# Bolt 4K output, Sony TV, Denon receiver trick play issue?



## meckel (Oct 25, 2007)

I got a 4K tv and a new "4K" receiver for Christmas. I have the bolt running into the receiver via HDMI and the receiver into the TV via HDMI. Everything works fine except if I set the TiVo to only output in 4K. In that mode any of the trick play features including quick play and commercial skip cause the screen to go black for a few seconds. Once I'm in quick play mode the trick play features work fine. If I set the TiVo to output in any other resolution it works fine. If I use the receiver to output in 4K instead of the TiVo the trick play features work fine. 

I have a Denon AVR-X3200 and the Sony XBR-75X850C along with the Bolt. I have not tried running the Bolt directly into the TV to see is the issue is the same, but my guess is that it is something with the scaler in the Bolt. As anyone else seen this issue? 

On a side note I think the TV will also up-convert but Sony no longer feels the need to produce a true owners manual and I can't figure it out. All I can find I a reference guide. 


Sent from my iPhone using Tapatalk


----------



## aaronwt (Jan 31, 2002)

Try a different HDMI cable as well as connecting directly to the Tv. Neither of my Bolts have this issue when set to only output 2160P.

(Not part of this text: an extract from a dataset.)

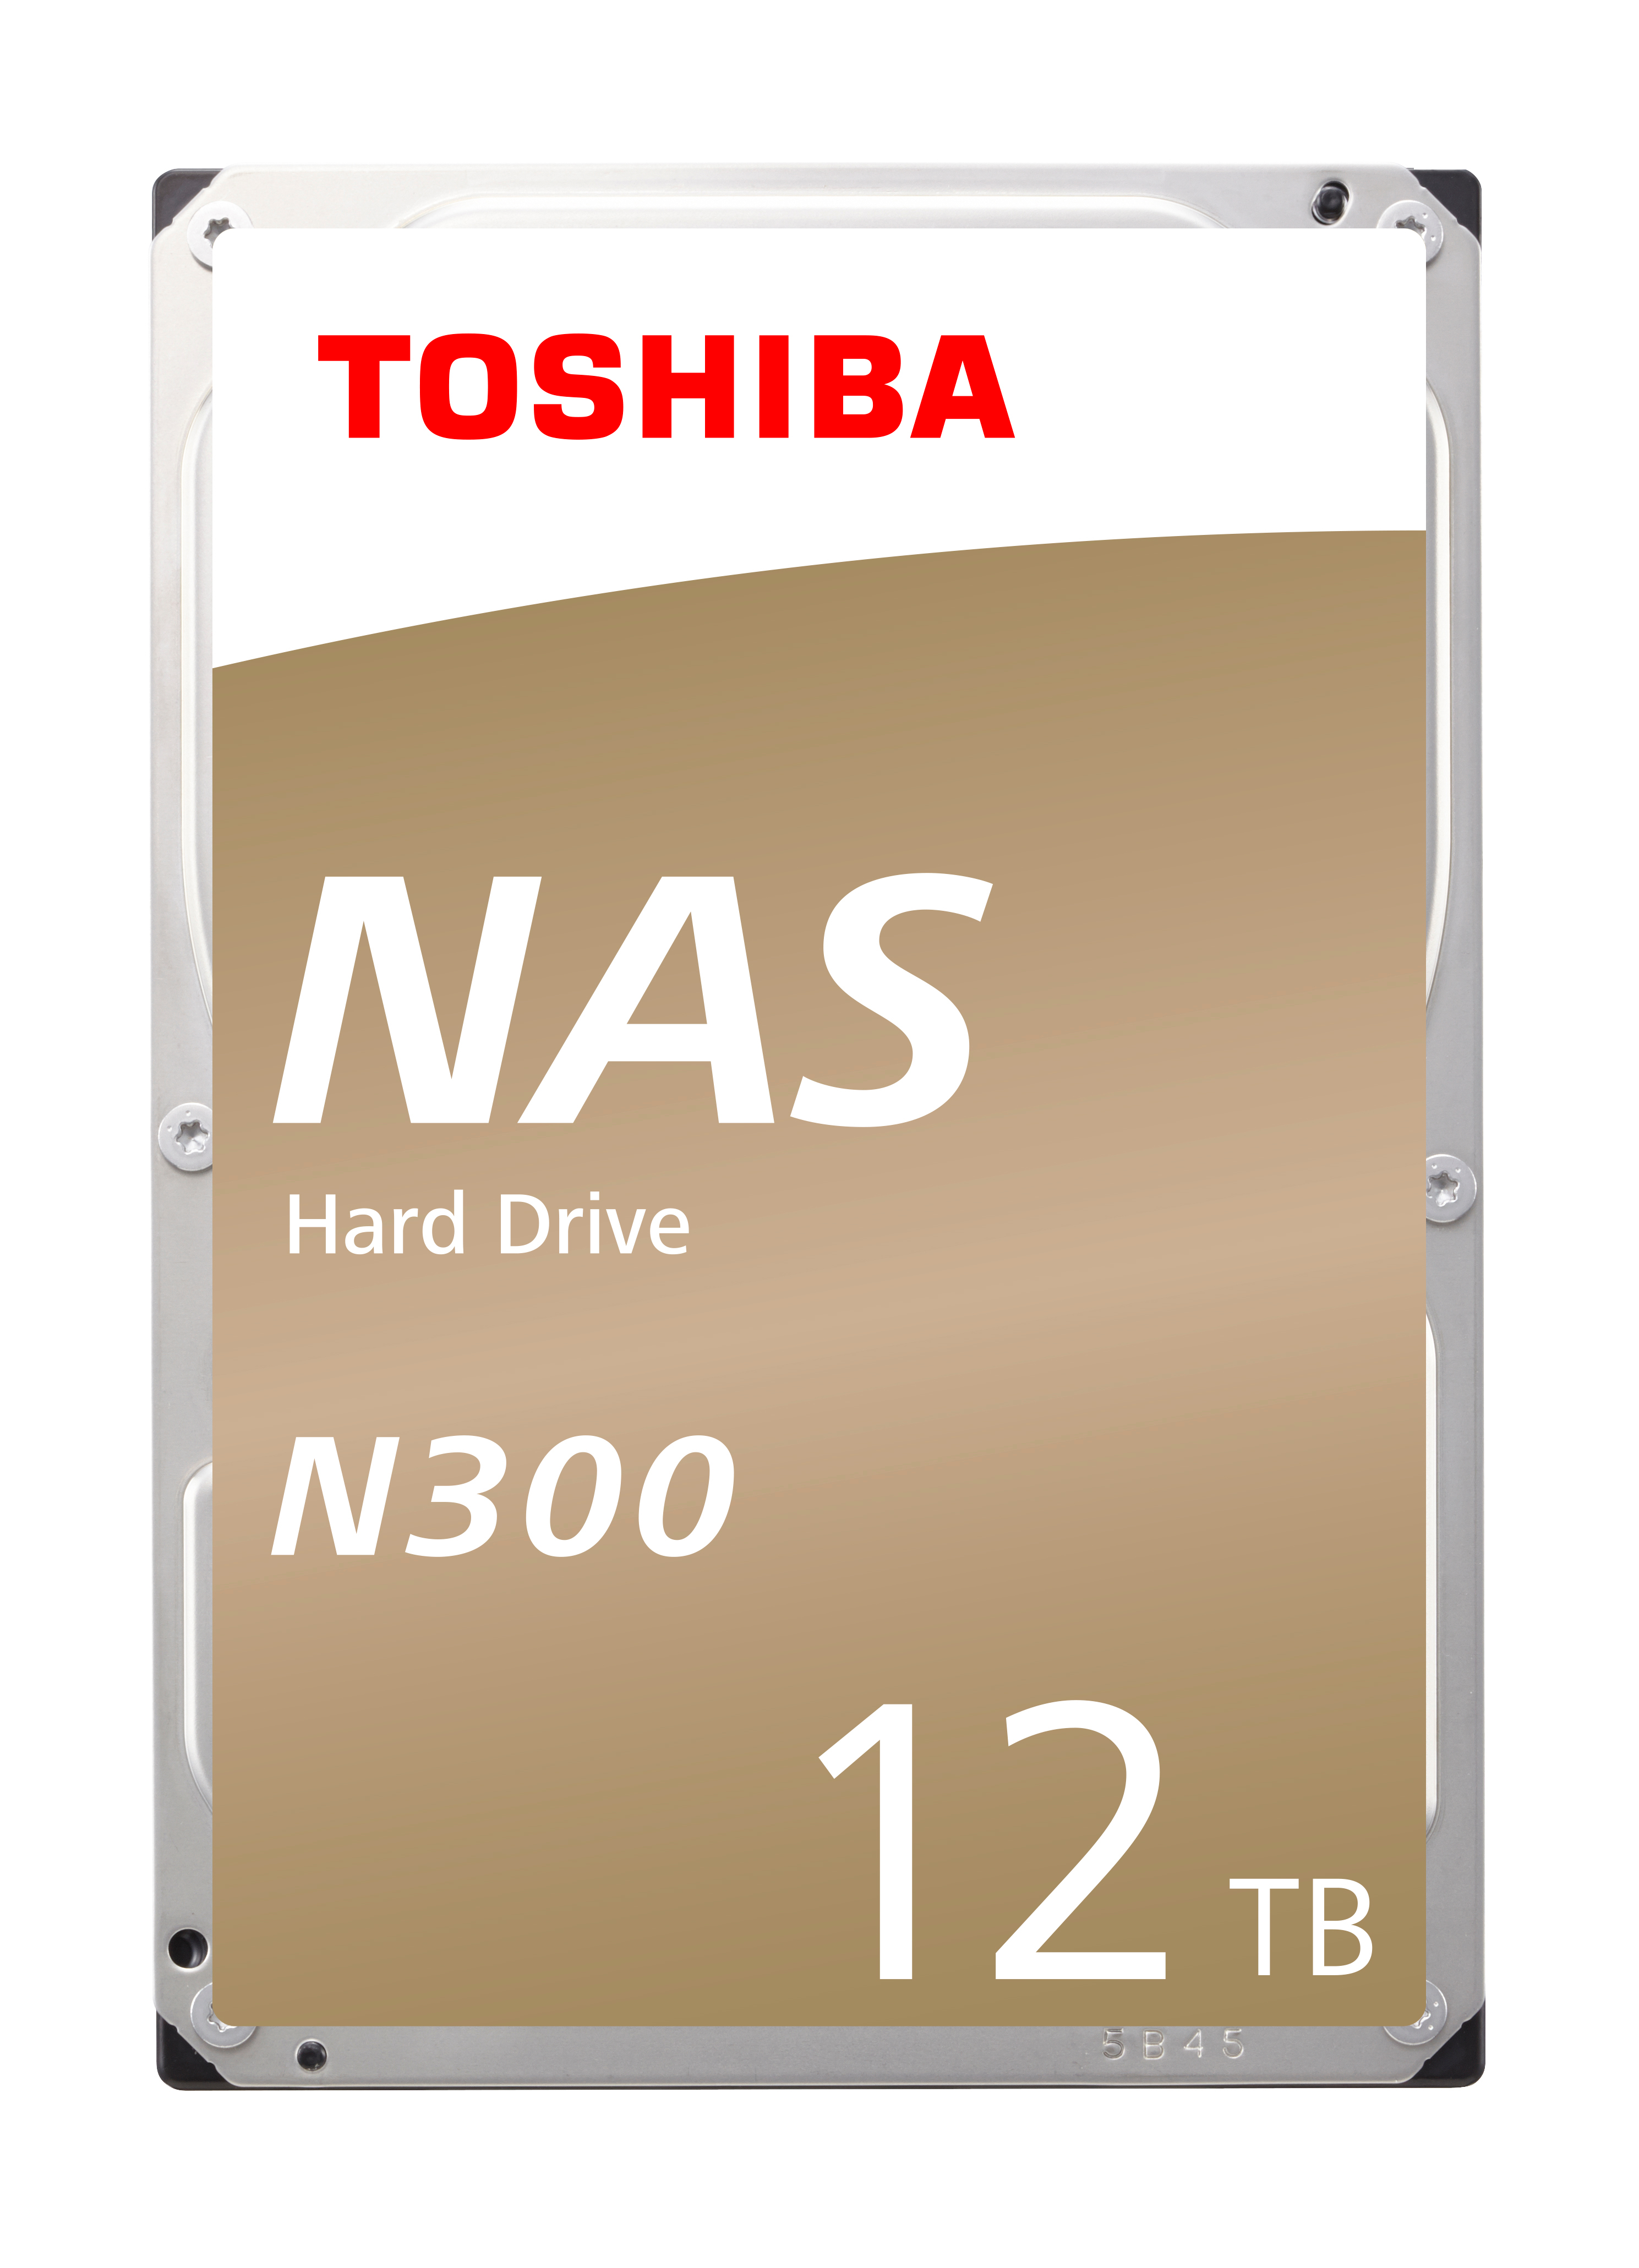 TOSHIBA HDD N300 NAS 12TB HDWG21CEZSTA internal, SATA 3.5 inch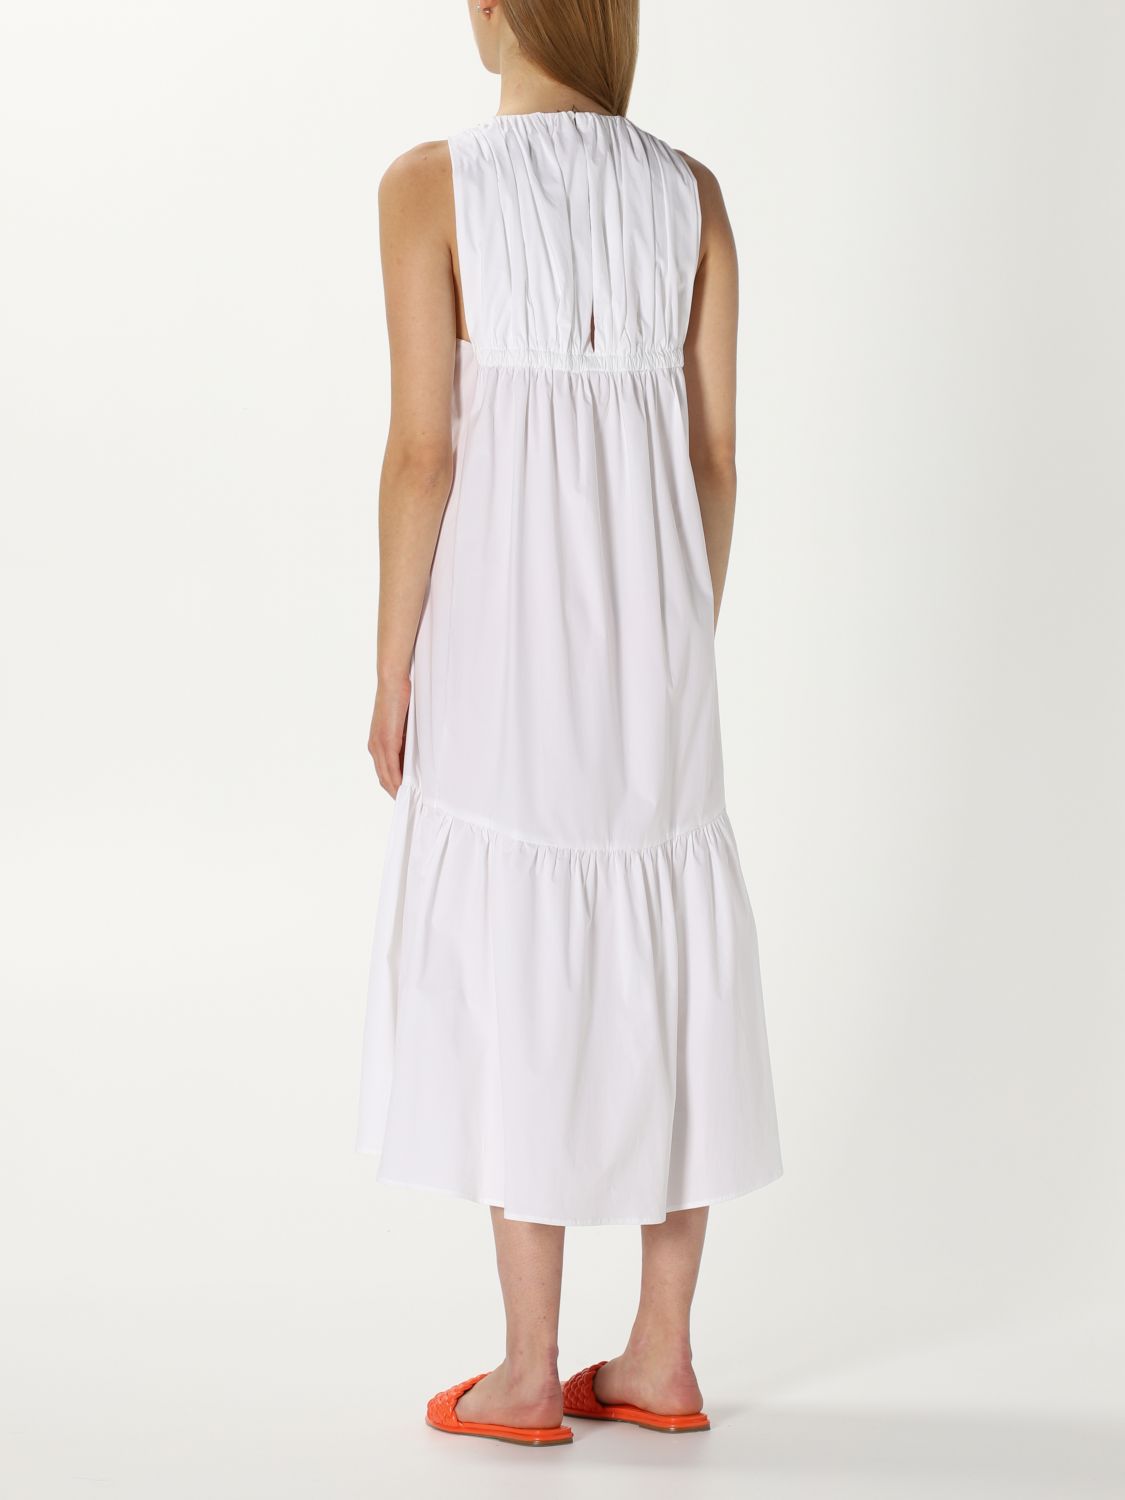 PESERICO: dress for woman - White | Peserico dress S02810 06775 online ...

I am using a 65" 850C Sony. But my Bolts go through an HDMI switch, and then through a Sony speaker bar before going to the TV. But in that setup I do not have this issue.


----------



## meckel (Oct 25, 2007)

aaronwt said:


> Try a different HDMI cable as well as connecting directly to the Tv. Neither of my Bolts have this issue when set to only output 2160P.
> 
> I am using a 65" 850C Sony. But my Bolts go through an HDMI switch, and then through a Sony speaker bar before going to the TV. But in that setup I do not have this issue.


Thanks for tour response. I figured it out, I had the HDMI input on the TV set to enhanced. Once I set it back to standard the trick play options worked fine.

Sent from my iPhone using Tapatalk


----------